The Paradox of Female Agency: Ophelia and East Asian Sensibilities

Autor: Alice Joubin, Alexa
Jazyk: angličtina
Rok vydání: 2012
Předmět:
DOI: 10.17613/m6733g
Popis: There are three main East Asian approaches to interpreting Ophelia. The first is informed by the fascination with and reaction against the Victorian pictorialization of Ophelia, especially John Everett Millais’s famous Ophelia (1851), that emphasized, as Kimberly Rhodes describes, her “pathos, innocence, and beauty rather than the unseemly detail of her death.” Despite having lived through negative experiences, Ophelia retains a childlike innocence in these rewritings. For example, New Hamlet by Lao She (penname of Shu Qingchun, 1899-1966) parodies China’s “Hamlet complex” (the inability to act at a time of national crisis) and the fascination with an Ophelia submerged in water. Both Ophelia and Millais’s painting are featured in two of Japanese writer Natsume Sōseki’s early twentieth-century novels. A second approach emphasizes the local context. Adapters used local values to engage with and even critique the Victorian narrative tradition of moralization.

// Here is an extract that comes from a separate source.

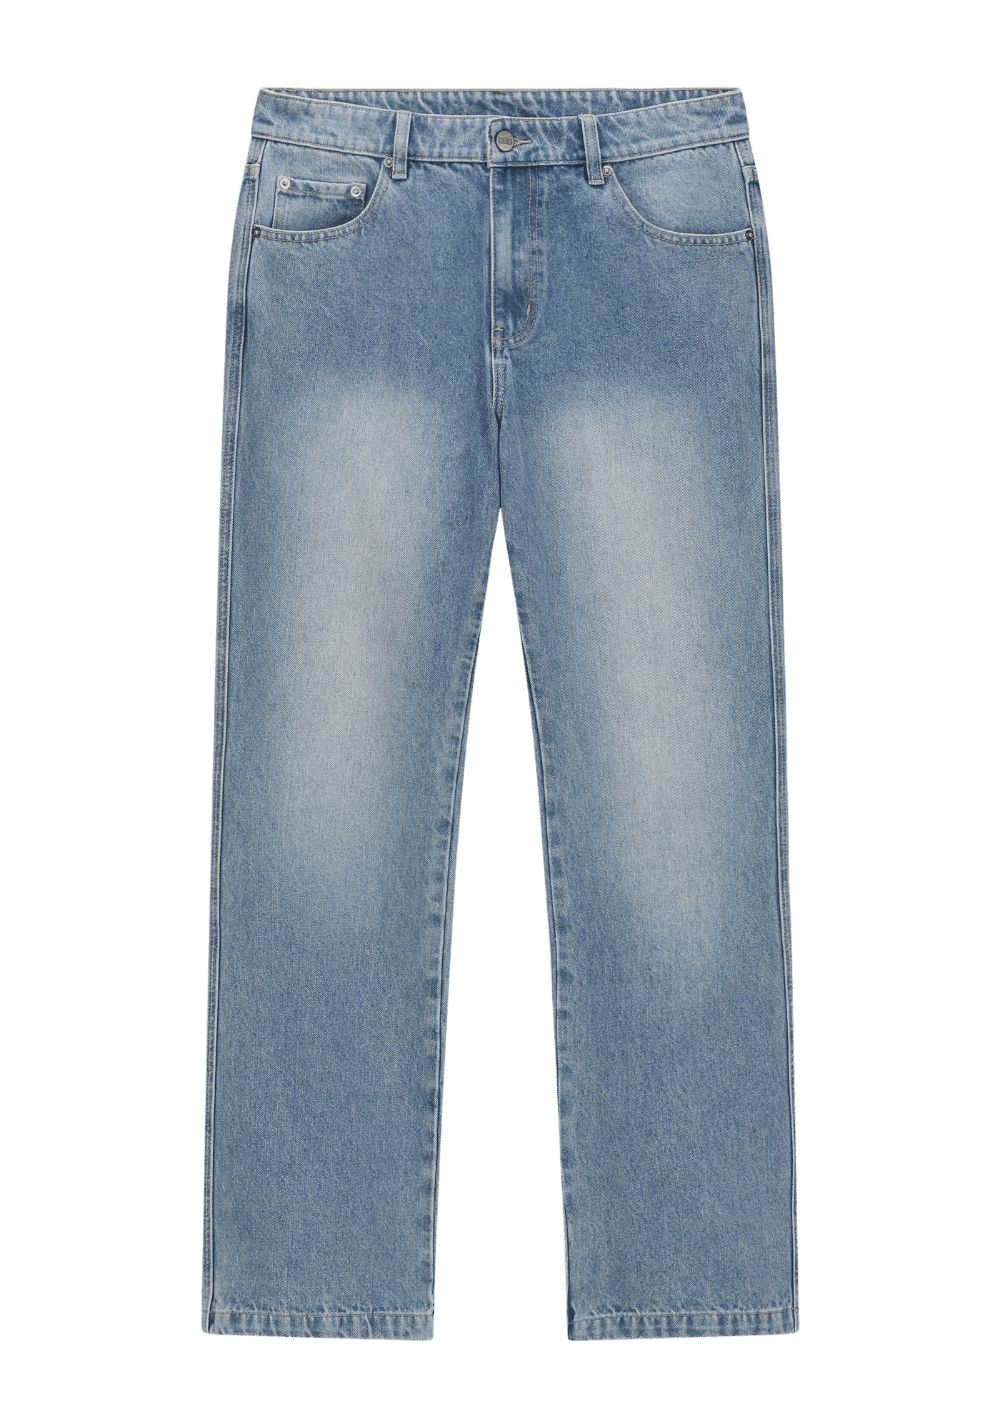 Mud Dyed Vintage Distressed Jeans - PSYLOS 1, Mud Dyed Vintage Distressed Jeans, Pants, Boneless, PSYLOS 1

Late nineteenth-century translator Lin Shu (1852-1924), for example, tones down the sentimentalization of Ophelia in his classical Chinese rewriting of Charles and Mary Lamb’s Tales from Shakespeare, showcasing the conflict between Victorian and Confucian moral codes. The third approach focuses upon an objectified and sexualized Ophelia. As other chapters in this volume demonstrate, this is not exclusively an Asian phenomenon. However, the eroticism associated with the Ophelia figure in a number of Asian stage and screen versions of Hamlet, such as Sherwood Hu’s film Prince of the Himalayas (2006), aligns Ophelia with East Asian ideals of femininity, but also brings out the sexuality that is latent or suppressed in Victorian interpretations. They do so by aligning Ophelia with East Asian ideals of femininity.